SELECT * FROM hits_out ORDER BY id;

Done.
1 rows affected.
7 rows affected.


id,authority,hub
0,0.194028500029,0.39062401003
1,0.194028500029,0.528491307688
2,0.436564125065,0.643380722403
3,0.679099750102,0.0919115317719
4,0.194028500029,0.0919115317719
5,0.291042750044,0.183823063544
6,0.388057000058,0.321690361202


Look at the summary table:

In [10]:
%%sql
SELECT * FROM hits_out_summary;

1 rows affected.


__iterations__
2


# 5.  Different number of iterations and threshold

In [11]:
%%sql
DROP TABLE IF EXISTS hits_out, hits_out_summary;

SELECT madlib.hits(
             'vertex',             -- Vertex table
             'id',                 -- Vertex id column
             'edge',               -- Edge table
             'src=src, dest=dest', -- Comma delimited string of edge arguments
             'hits_out',           -- Output table
             20,                   -- Default max_iter
             0.00001);             -- Threshold

SELECT * FROM hits_out ORDER BY id;

Done.


InternalError: (psycopg2.errors.InternalError_) plpy.Error: Graph HITS: Vertex table (vertex) is empty! (plpython.c:5038)
CONTEXT:  Traceback (most recent call last):
  PL/Python function "hits", line 21, in <module>
    return hits.hits(**globals())
  PL/Python function "hits", line 98, in hits
  PL/Python function "hits", line 58, in validate_hits_args
  PL/Python function "hits", line 93, in validate_graph_coding
  PL/Python function "hits", line 105, in _assert
PL/Python function "hits"

[SQL: SELECT madlib.hits(
             'vertex',             -- Vertex table
             'id',                 -- Vertex id column
             'edge',               -- Edge table
             'src=src, dest=dest', -- Comma delimited string of edge arguments
             'hits_out',           -- Output table
             20,                   -- Default max_iter
             0.00001);             -- Threshold]
(Background on this error at: http://sqlalche.me/e/2j85)

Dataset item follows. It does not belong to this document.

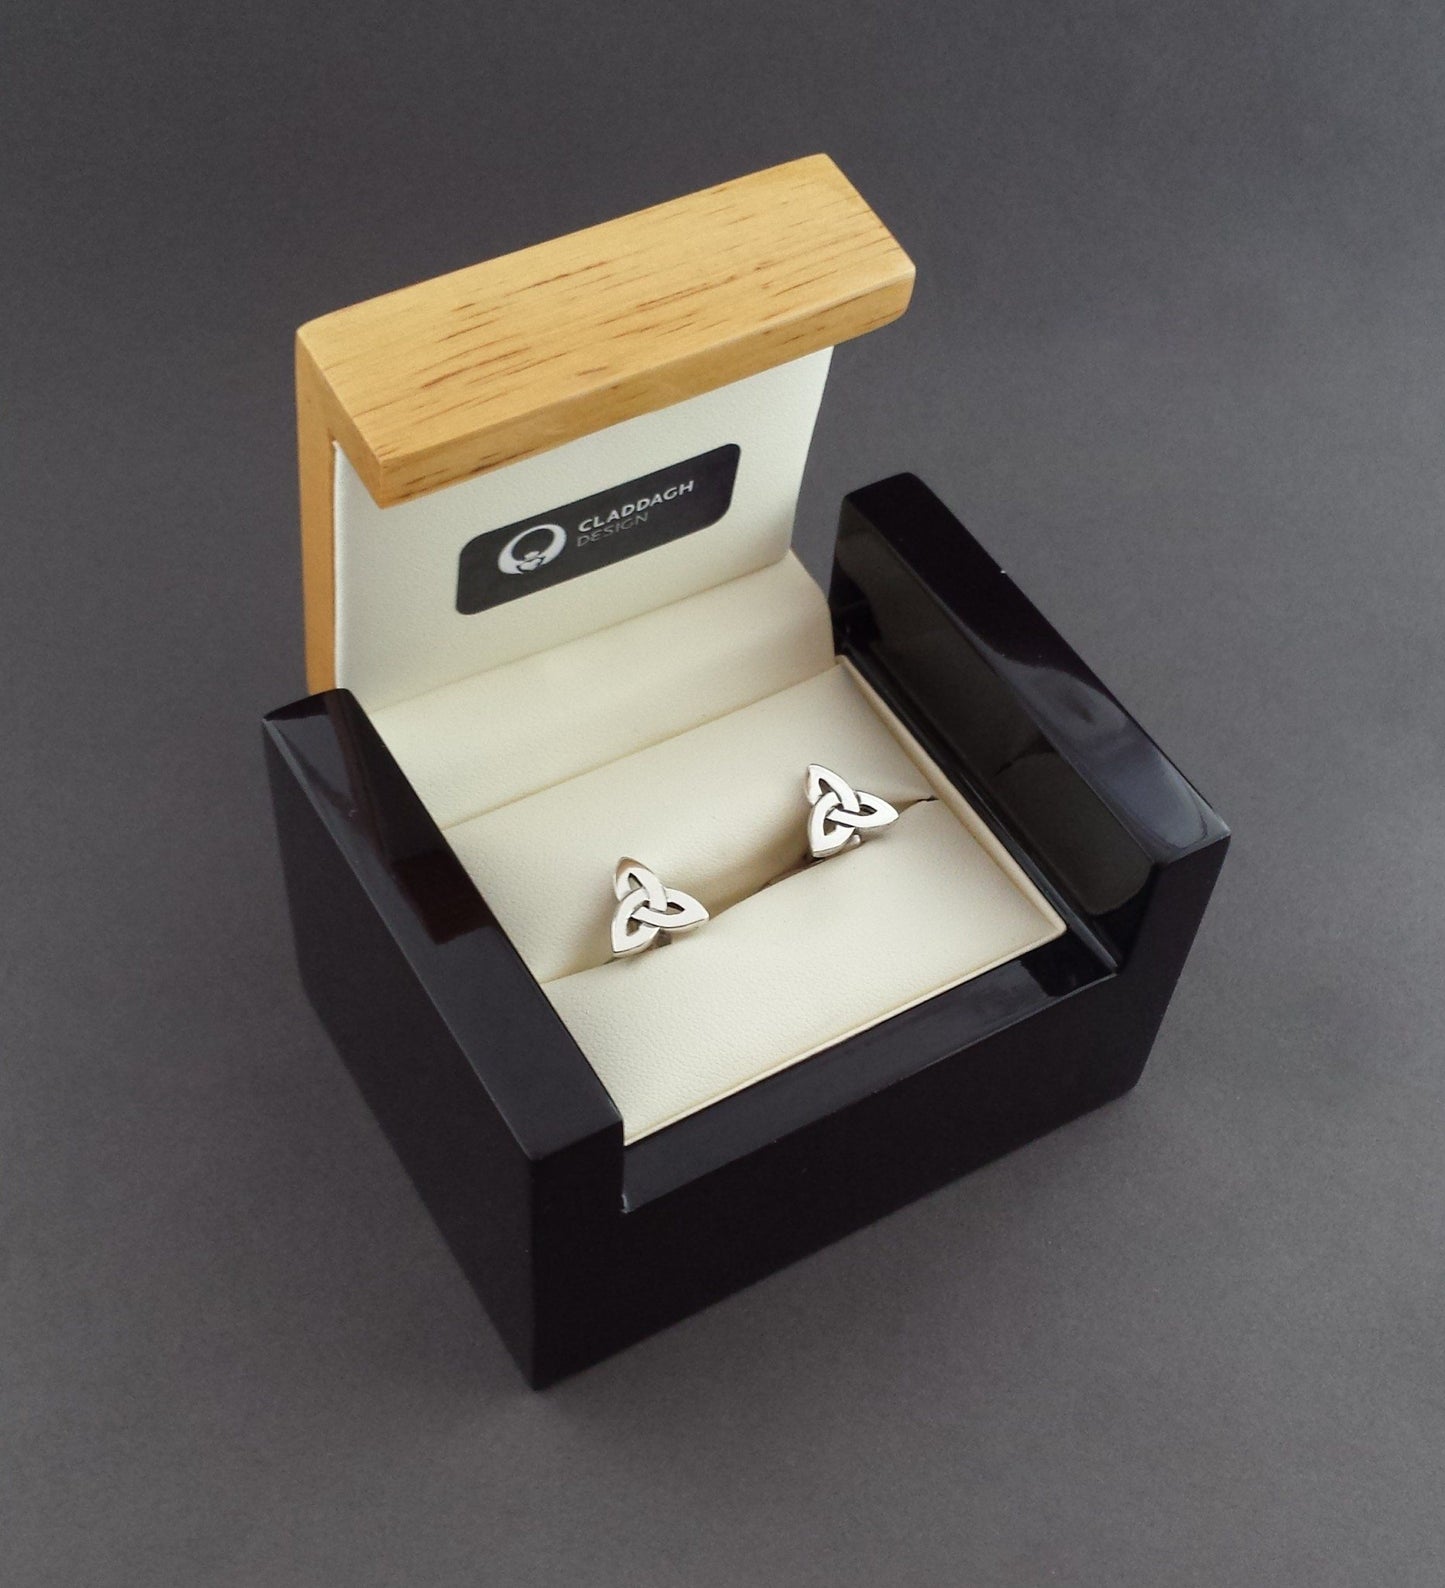 Silver Trinity Knot Cufflinks in a presentation box

Look at the summary table.  The algorithm stopped at 20 iterations even though the convergence for threshold of 0.00001 is at 25 iterations. This is because max_iter was set to 20.

In [None]:
%%sql
SELECT * FROM hits_out_summary;

# 6. Grouping
Running HITS with grouping column and default values for max_iter and threshold. Add more rows to the edge table to create different graphs based on the user_id column.

In [None]:
%%sql
INSERT INTO edge VALUES
(0, 1, 2),
(0, 2, 2),
(0, 4, 2),
(1, 2, 2),
(1, 3, 2),
(2, 3, 2),
(3, 0, 2),
(4, 0, 2),
(5, 6, 2),
(6, 3, 2);

DROP TABLE IF EXISTS hits_out, hits_out_summary;

SELECT madlib.hits(
             'vertex',             -- Vertex table
             'id',                 -- Vertex id column
             'edge',               -- Edge table
             'src=src, dest=dest', -- Comma delimited string of edge arguments
             'hits_out',           -- Output table
             NULL,                 -- Default max_iter
             NULL,                 -- Threshold
             'user_id');           -- Grouping column

SELECT * FROM hits_out ORDER BY user_id, id;

# 7. Other
Let's check against the output from p. 8 of http://www.cis.hut.fi/Opinnot/T-61.6020/2008/pagerank_hits.pdf

In [None]:
%%sql
DROP TABLE IF EXISTS vertex, edge;

CREATE TABLE vertex(
        id INTEGER
        );

CREATE TABLE edge(
        src INTEGER,
        dest INTEGER,
        user_id INTEGER
        );

INSERT INTO vertex VALUES
(0),
(1),
(2),
(3);

INSERT INTO edge VALUES
(0, 1, 1),
(0, 2, 1),
(0, 3, 1),
(1, 2, 1),
(1, 3, 1),
(2, 1, 1);

SELECT * from edge ORDER BY src, dest;

In [None]:
%%sql
SELECT * FROM hits_out_summary order by user_id;

In [None]:
%%sql
DROP TABLE IF EXISTS hits_out, hits_out_summary;

SELECT madlib.hits(
             'vertex',             -- Vertex table
             'id',                 -- Vertex id column
             'edge',               -- Edge table
             'src=src, dest=dest', -- Comma delimited string of edge arguments
             'hits_out',           -- Output table of HITS
             100);                   -- Max iteration

SELECT * FROM hits_out ORDER BY id;

Yes ^^^ matches the results from the reference.